Modular Polynomial Division

You are given two polynomials \(F(x)\) and \(G(x)\) with degrees \(n\) and \(m\) respectively. It is guaranteed that \(n \ge m\). Your task is to compute two polynomials, the quotient \(Q(x)\) and the remainder \(R(x)\), satisfying

[ F(x) = Q(x) \cdot G(x) + R(x) \quad \text{with} \quad \deg(Q(x)) = n-m \quad \text{and} \quad \deg(R(x)) < m, ]

All operations are performed under modulo \(998244353\).
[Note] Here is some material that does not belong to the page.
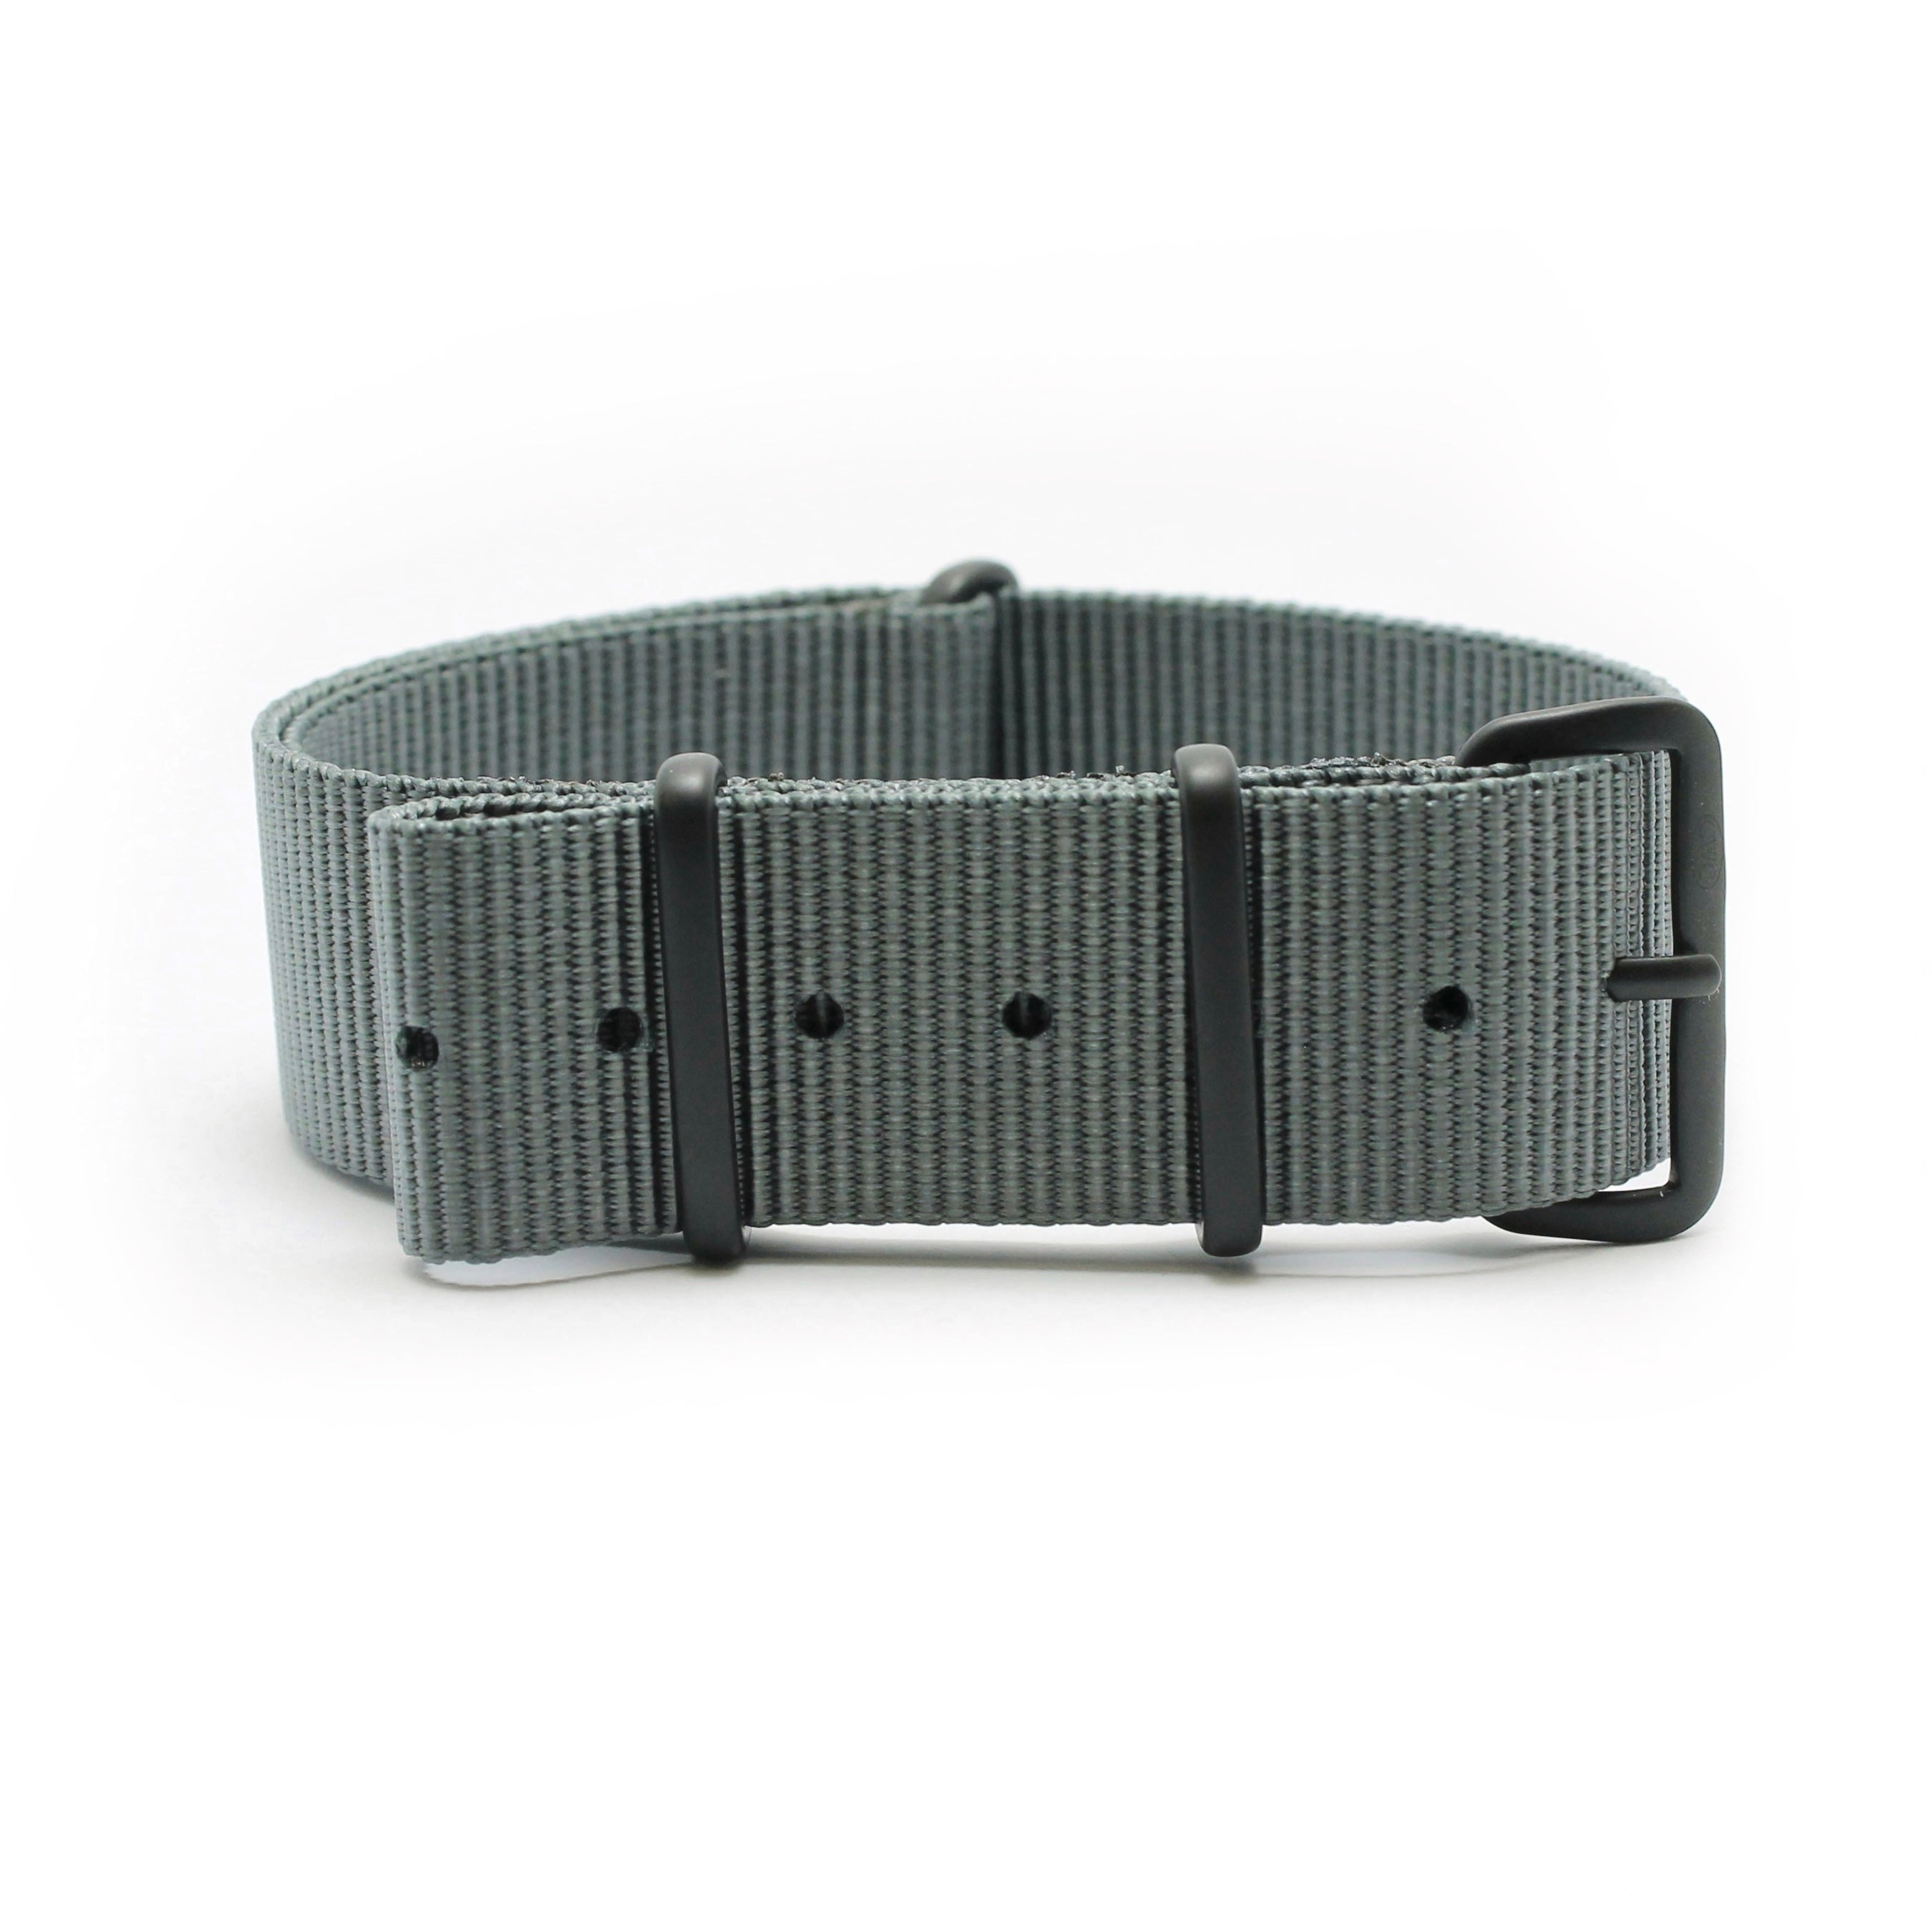 CABOT MILITARY WATCH STRAP - MILITARY GREY WITH MATTE BLACK BUCKLE

Note that if \(n < m\), you should consider \(Q(x)=0\) and \(R(x)=F(x)\).

inputFormat

The first line contains two integers \(n\) and \(m\) (with \(n \ge m\)).

The second line contains \(n+1\) integers representing the coefficients of \(F(x)\) in descending order (from the coefficient of \(x^n\) to the constant term).

The third line contains \(m+1\) integers representing the coefficients of \(G(x)\) in descending order (from the coefficient of \(x^m\) to the constant term).

outputFormat

Output two lines.

The first line contains \(n-m+1\) integers — the coefficients of the quotient polynomial \(Q(x)\) in descending order.

The second line contains \(m\) integers — the coefficients of the remainder polynomial \(R(x)\) in descending order. (Note: If the remainder is the zero polynomial, output a single 0.)

sample

2 1
1 0 0
1 1

1 998244352
1